The Way Forward: with a coordinator in place, how will the Redskins address their terrible defense?


After a laborious month of rumors and interviews, the Washington Redskins’ hunt for a new defensive coordinator ended Sunday, with the promotion of outside-linebackers coach, Greg Manusky.

For fans, the “there and back again” conclusion to the saga reeked of quiet resignation. During the search, the Redskins were scorned by their higher-profile candidates. McCloughan and company will need some strong, alternative facts to shake the image of them retreating with their tail between their legs.

As for Manusky, who previously held the title for San Francisco, San Diego and Indianapolis, he will be tasked with rebuilding a defense that, of late, has finished consistently in the bottom dregs of the league.

Ultimately, that cold reality doomed the Redskins, in their search for a proven, defensive-genius. It’s not a good job – the type that would attract only the Rob Ryan’s of the world.

Editors Note: Ryan is generally regarded as one of the most-overrated coaches in football. If Washington had settled for him, I was prepared to drop the Redskins and cover my father’s team, the Buffalo Bills – whom at least know to fire (not hire) Ryan brothers.

Manusky has historically run a sort of hybrid, defensive scheme that utilizes both 3-4 and 4-3 formations. This will allow for a more-seamless transition for the Redskins, who ran a similar concept under ex-coordinator Joe Barry while sparing their entire defensive line from having to learn new assignments.

Unfortunately, those concepts were not effective, last year. Washington had issues front to back, including the linebacker corps – Manusky’s department – which was, at times, brutal. The Redskins allowed opponents to rush for a generous, 4.5 yards per carry and only the Bengals gave up more yards to opposing tight-ends.

Lack of talent and injuries (including Junior Galette, who missed 2016 with an Achilles injury) clearly played a role in those deficiencies, and yet it was accompanied by a disturbing sense of indifference. The coaches kept rolling out the same players, with the same schemes while achieving the same results.

Manusky might not have had much pull, in the decision-making, but he was part of the staff nonetheless and will have to demonstrate that he is willing to mix things up if they aren’t working.

He at least will have first-hand knowledge of the personnel. That perspective will only provide him a brief head start on a laundry list that includes needs in virtually all departments.

They will have to do it without a New York Giants-type makeover; they don’t have the cap room for such luxuries. While they will have about $65 million of free space, a large chunk of that will be reserved for the offense.

Their top priority will be some guy named Kirk Cousins, which will eat up around $19-25 million. Also, they will likely bring back one of their wide receivers, DeSean Jackson or Pierre Garcon, locking them into another $8-12 million.

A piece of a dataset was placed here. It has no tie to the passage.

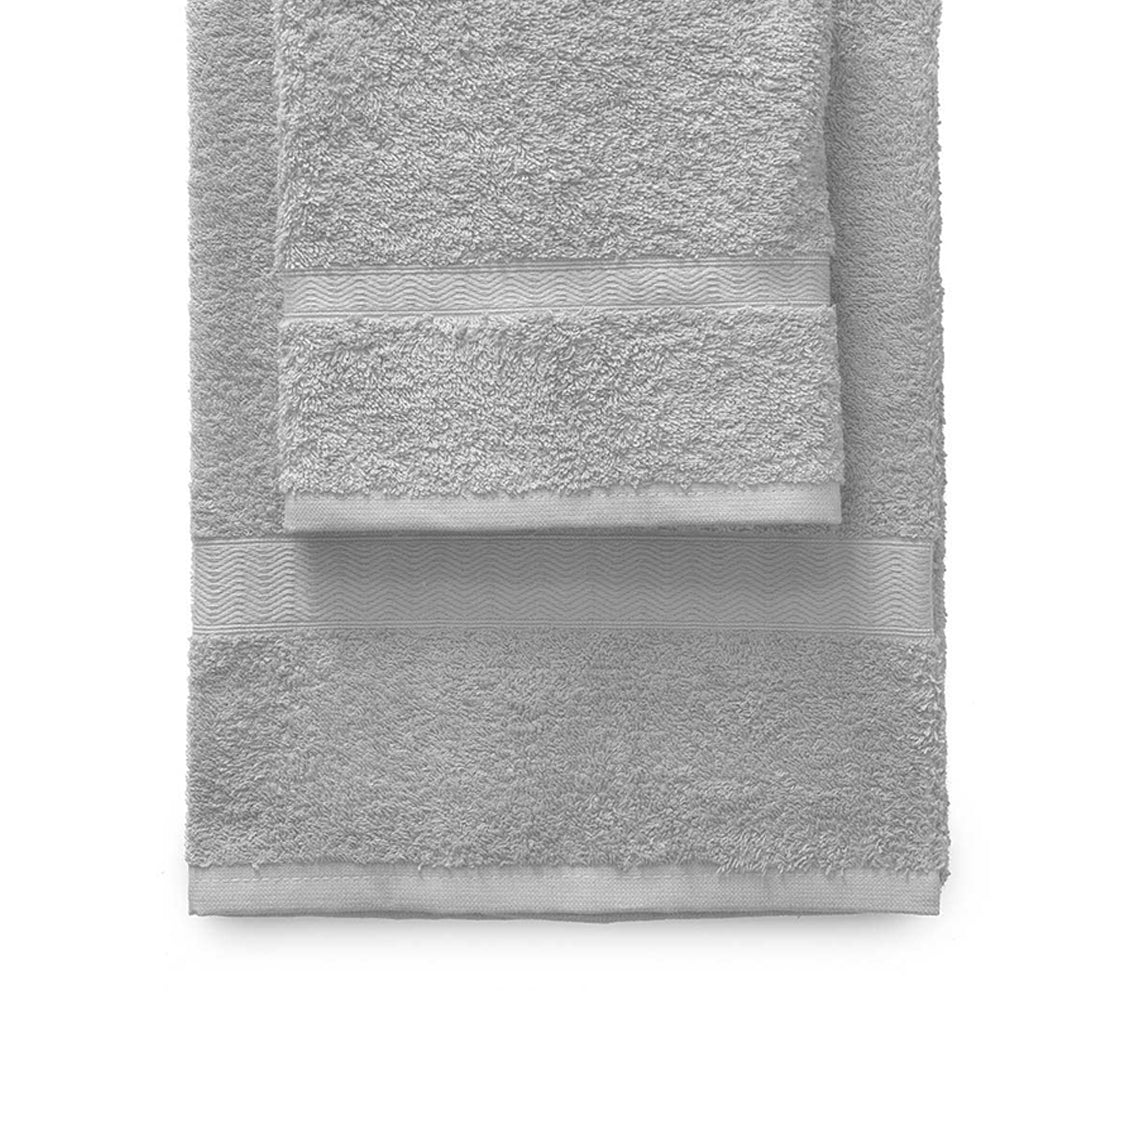 Towel set 1+1 Gabel mod. Plain dyed in 420 g/m2 sponge

Let’s say they are left with around $30 million. From that, they will have to construct a viable defense; including replacing or re-signing the following free agents (I also listed their 2016 salaries):

DE Chris Baker ($3 million)
LB Junior Galette ($1.6 million)
DT Kedri Golston ($1.05 million)
DE Cullen Jenkins ($985,000)
SS Donte Whitner ($985,000)
DE Ziggy Hood ($935,000)
CB Greg Toler ($840,000)
LB Terrance Garvin ($750,000)
SS Duke Ihenacho ($675,000)

That’s a large chunk of the roster. Baker has expressed interest in returning, but it’s unclear if the feeling is mutual. It is entirely-possible that none of those faces will be back next year. And, there isn’t exactly an overflowing stash of proven replacements waiting, in house.

They do have a pair of wildcards from last year’s draft: DT Matt Ioannidis, who was on the field for less than ten percent of the Skins’ defensive snaps, and Su’a Cravens, who may be moved to safety full-time, in 2017, to take advantage of his ball-hawking skills. Their roles will be expanded, with so many players on their way out.

As for this year’s draft, the Redskins will have options. With ten picks, they have the war chest to move up slots, if need be. Or, they can sit back and stockpile players – hopefully with a heavy-focus on defense.

Affordable, young players are exactly the medicine they need; youth and speed – too often, the Redskins’ defenders looked like they were playing in mud, last season. They need linebackers who can cover the edges and safeties who can step up and make tackles to stop opponents from turning medium gains into huge ones.

Teams weren’t exactly lining up to interview Manusky, so for him, accepting the promotion is a no-brainer decision. It’s a win-win situation for the man who once donned the Burgundy and Gold himself. With improved personnel, the numbers can only improve, making him look like a genius. If the new players don’t pan out, he can write his failure off as him being a victim of circumstance.

For the Redskins’ brass, the move is decidedly-more lateral, something that equates to water-treading. With head coach Jay Gruden taking on a larger role in the offense, he will be relying on his D-coordinator more than ever.

If they struggle again, next year, it won’t be long before the seats beneath Gruden and McCloughan become decidedly-warmer.